I attached to the process in a debugging session, but was unable to find any SSE instructions in the idle threads opcodes while having all threads halted.

I am no expert, and have very little knowledge of SSE. However, it seems its major use is parralel processing of floating-point numbers. The problem, is if you are doing a basic fp computation, and the next fp compuation needs the result - SSE provides no help(I could be wrong.) Only if you have two basic compuations that both have unrelated results then SSE becomes very powerful.

So, when a little programming background I was still curious because of the nature of the simulation which seems to be exploring the dark using random numbers to seed the exploration that mabye more than one model - mabye four could be run on the same thread(not multiple threads) and execute in parralel with each other using the SSE instruction set to gain mabye four times the speed.

Alright, now thinking about that I am sure the rosetta application is not that straight-forward. I am pretty sure it contains lots of speacil conditions and evaluations to determine if this atom and that atom can be next to each other and therefore attemping to run another simulation on the same thread in parrel to take advantage of the SSE instructions could cause some choas, not the mention the mad method it would take to not introduce new bugs and not have to split the rosetta application into two completely seperate source trees just for a SSE and a NON-SSE application.

So it boils down to:
1. I really don't care that much, but if anyone thinks there is a lead on my two cents here is a thread for it. =) rofl


[edit]
Just to give a little more insight to anyone who knows even a little C/C++.

#include <xmmintrin.h>
int main(void)
{
// built-in types
__m128 a = {0.0, 1.0, 2.0, 3.0};
__m128 b = {0.0, 1.0, 2.0, 3.0};
__m128 c;

// this is a intrinsic function, when compiled makes no function call.
c = _mm_add_ps(a, b);

// four fp single percision values are added using one instruction(above).

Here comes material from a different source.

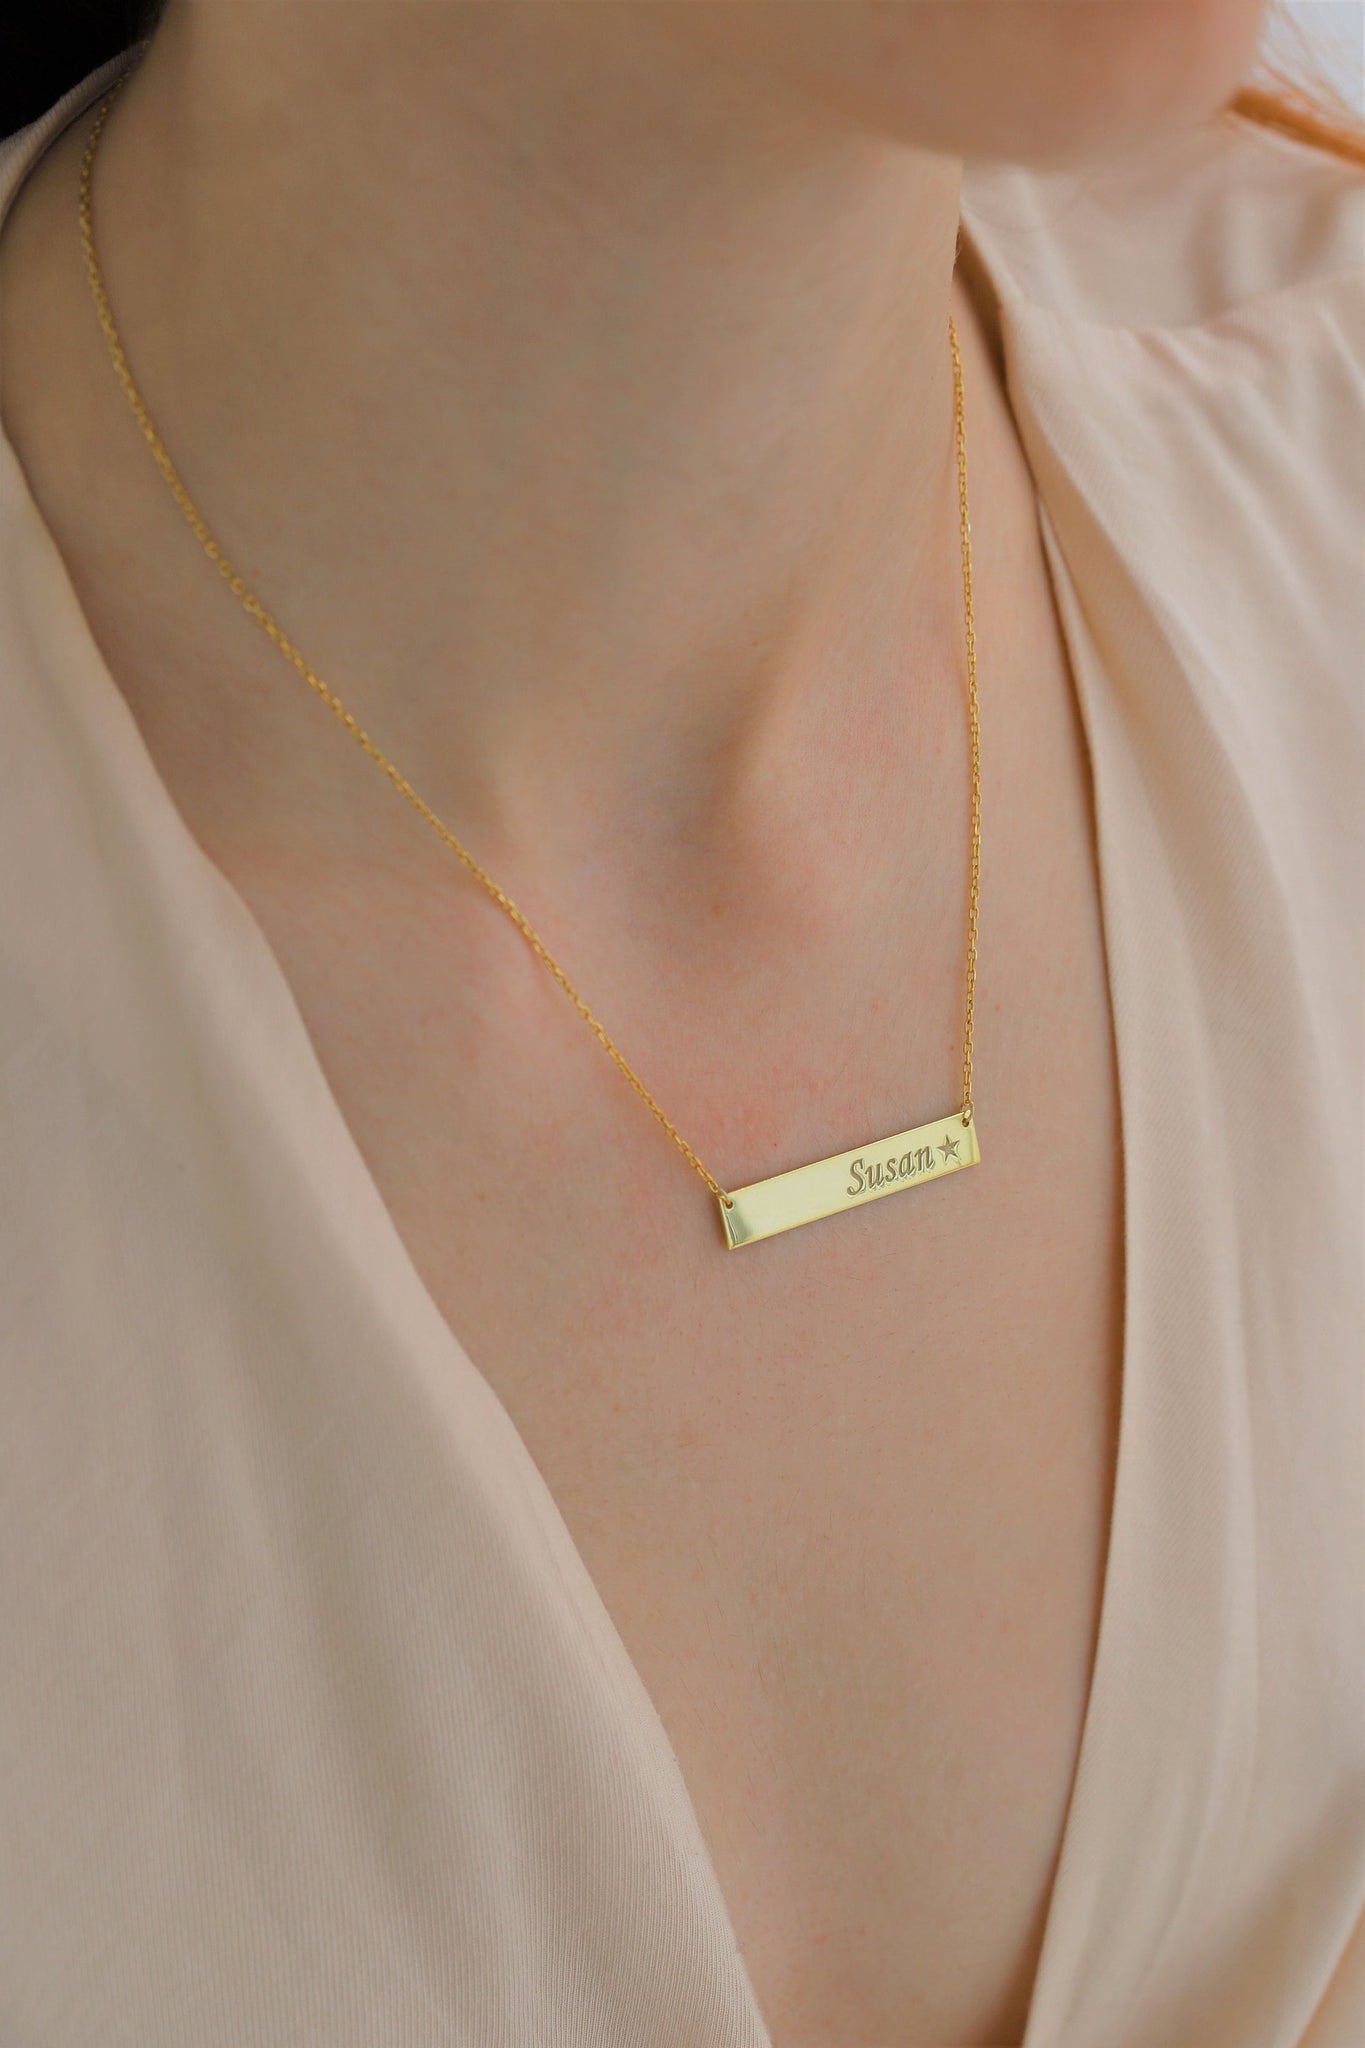 Name Bar Necklace, Gift For Mothers Day, Personalized Name Necklace, Mom Necklace, Minimalist Necklace, To My Mom Necklace,Monogram Necklace

// no SSE extensions used.
float a[4] = {0.0, 1.0, 2.0, 3.0};
float b[4] = {0.0, 1.0, 2.0, 3.0};
float c[4];
c[0] = a[0] + b[0]; c[1] = a[1] + b[1]; c[2] = a[2] + b[2];
c[3] = a[3] + b[3];
return 0;
}
ID: 18872 · Rating: 1 · rate: Rate + / Rate - Report as offensive    Reply Quote
Profile Leonard Kevin Mcguire Jr.

Send message
Joined: 13 Jun 06
Posts: 29
Credit: 14,903
RAC: 0
Message 18873 - Posted: 18 Jun 2006, 3:13:38 UTC
Last modified: 18 Jun 2006, 3:45:23 UTC

#include "stdafx.h"
#include <xmmintrin.h>

__m128 mtf[3];
int mtfop = 0;
int mtfcnt = 0;
template <int THREADID, int THREADCNT> __forceinline float mtfadd(float a, float b)
{
	if(mtfop < 1)
	{
		mtfop = 1;
		mtf[0].m128_f32[THREADID] = a;
		mtf[1].m128_f32[THREADID] = b;
		mtfcnt = 1;
		// pause thread quickly (wait) (keep low cpu cycles). (need a atomic instruction)
		// when woken, it returns its own result.
		return mtf[3].m128_f32[THREADID];
	}
	if(mtfop == 1)
	{
		mtf[0].m128_f32[THREADID] = a;
		mtf[1].m128_f32[THREADID] = b;
		if(mtfcnt == (THREADCNT-1))
		{
			// execute operation using SSE instructions
			mtf[3] = _mm_add_ps(mtf[0], mtf[1]);
			// wake paused threads quickly (keep low cpu cycles).(need a atomic instruction)
			return mtf[3].m128_f32[THREADID];
		}else{
			mtfcnt++;
			// pause thread quickly (wait) (keep low cpu cycles). (need a atomic instruction)
			// when woken, it returns its own result.
			return mtf[3].m128_f32[THREADID];
		}
	}
	// just do its operation the old style.
	return a+b;
}

template <int THREADID, int THREADCNT> class xfloat
{
public:
	float p;
	__forceinline void operator=(const float in)
	{
		p = in;
	}
	__forceinline xfloat& operator+(const xfloat &in)
	{
		p = mtfadd<THREADID,THREADCNT>(p, in.p);
		return *this;
	}
};
#define float xfloat<0,4>

int _tmain(int argc, _TCHAR* argv[])
{
	float a, b, c;
	a = 0.0; b = 1.0; c = 2.0;
	a = b + c;
	
	return 0;
}



Tell compiler to optimize code by enabling inline, __forceinline makes the compiler do it weather it wants to or not.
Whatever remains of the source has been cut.